Let's build a flexible coordinate system that works with any numeric type! You'll create a generic Point struct that can represent positions using integers for grid-based games or floating-point numbers for precise graphics—all from a single definition.

You'll organize your code across two files:

  • point.rs: Define a public generic Point<T> struct with two public fields: x and y, both of type T. Implement methods for your point:
    • A new associated function that creates a point from x and y coordinates
    • A translate method that takes dx and dy values and returns a new Point with the coordinates shifted by those amounts (this requires T to support addition and copying, so use the bound T: std::ops::Add<Output = T> + Copy)
  • main.rs: Bring in your point module and demonstrate how the same generic struct works seamlessly with different numeric types.

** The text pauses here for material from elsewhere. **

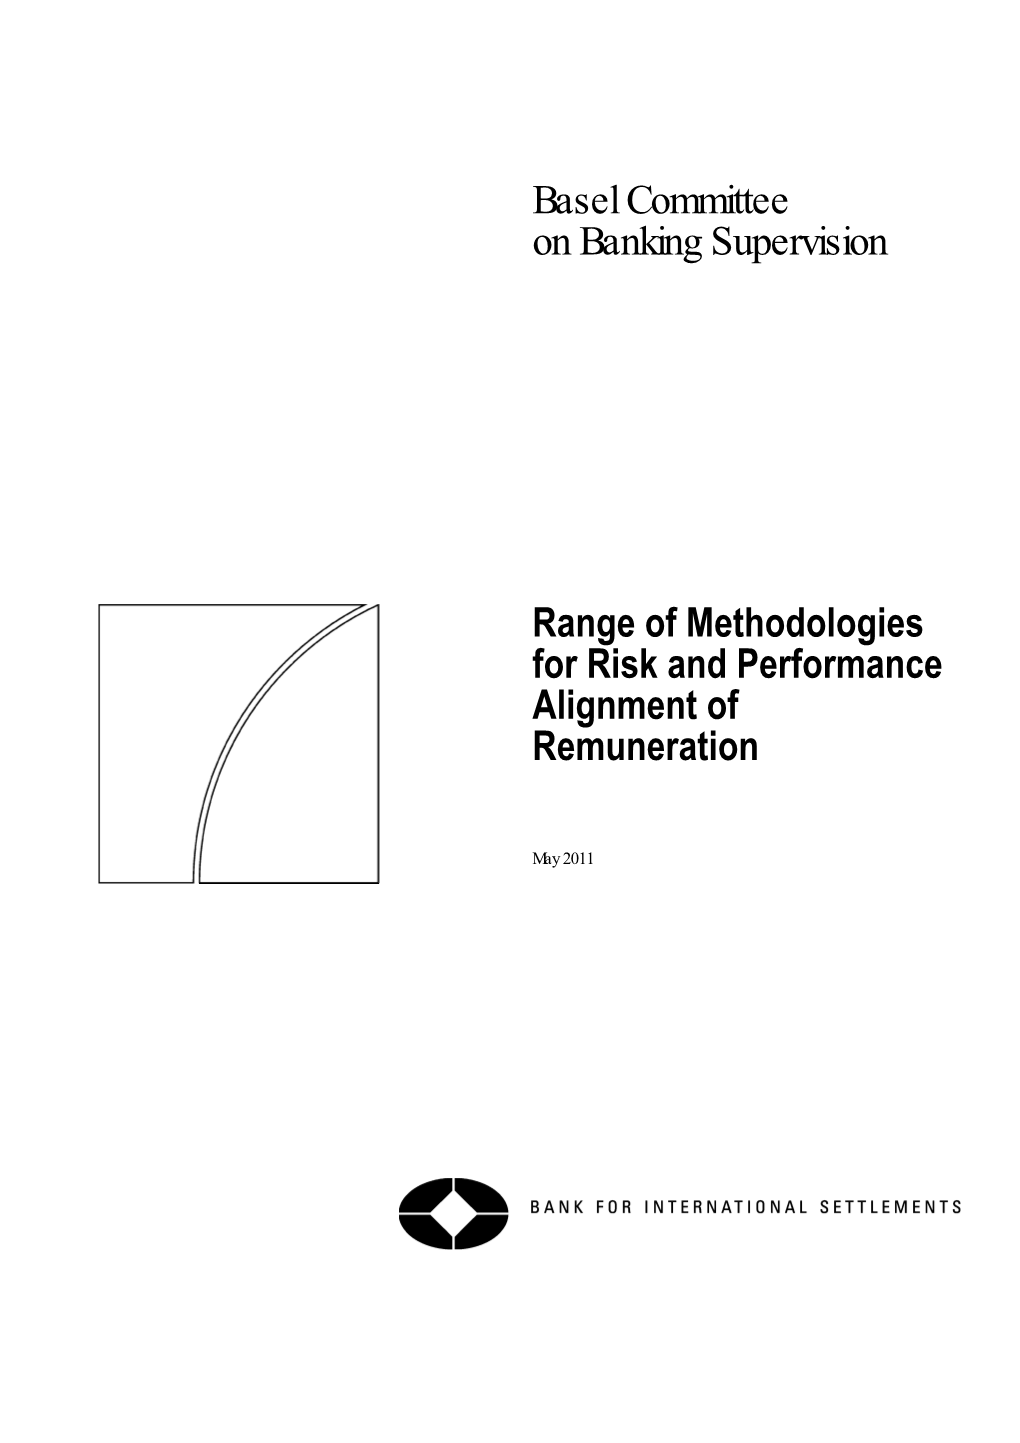 Range of Methodologies for Risk and Performance Alignment of Remuneration

In your main file, showcase your generic Point by:

  1. Creating an integer point using the first two inputs (parsed as i32)
  2. Translating it by the third and fourth inputs (also i32)
  3. Creating a floating-point point using the fifth and sixth inputs (parsed as f64)
  4. Displaying all three points

Your output should follow this format:

Integer point: ({x}, {y})
After translation: ({x}, {y})
Float point: ({x}, {y})

For example, with inputs 3, 5, 2, -1, 1.5, and 2.5:

Integer point: (3, 5)
After translation: (5, 4)
Float point: (1.5, 2.5)

Notice how Point::new(3, 5) creates a Point<i32> while Point::new(1.5, 2.5) creates a Point<f64>—the same struct definition adapts to both!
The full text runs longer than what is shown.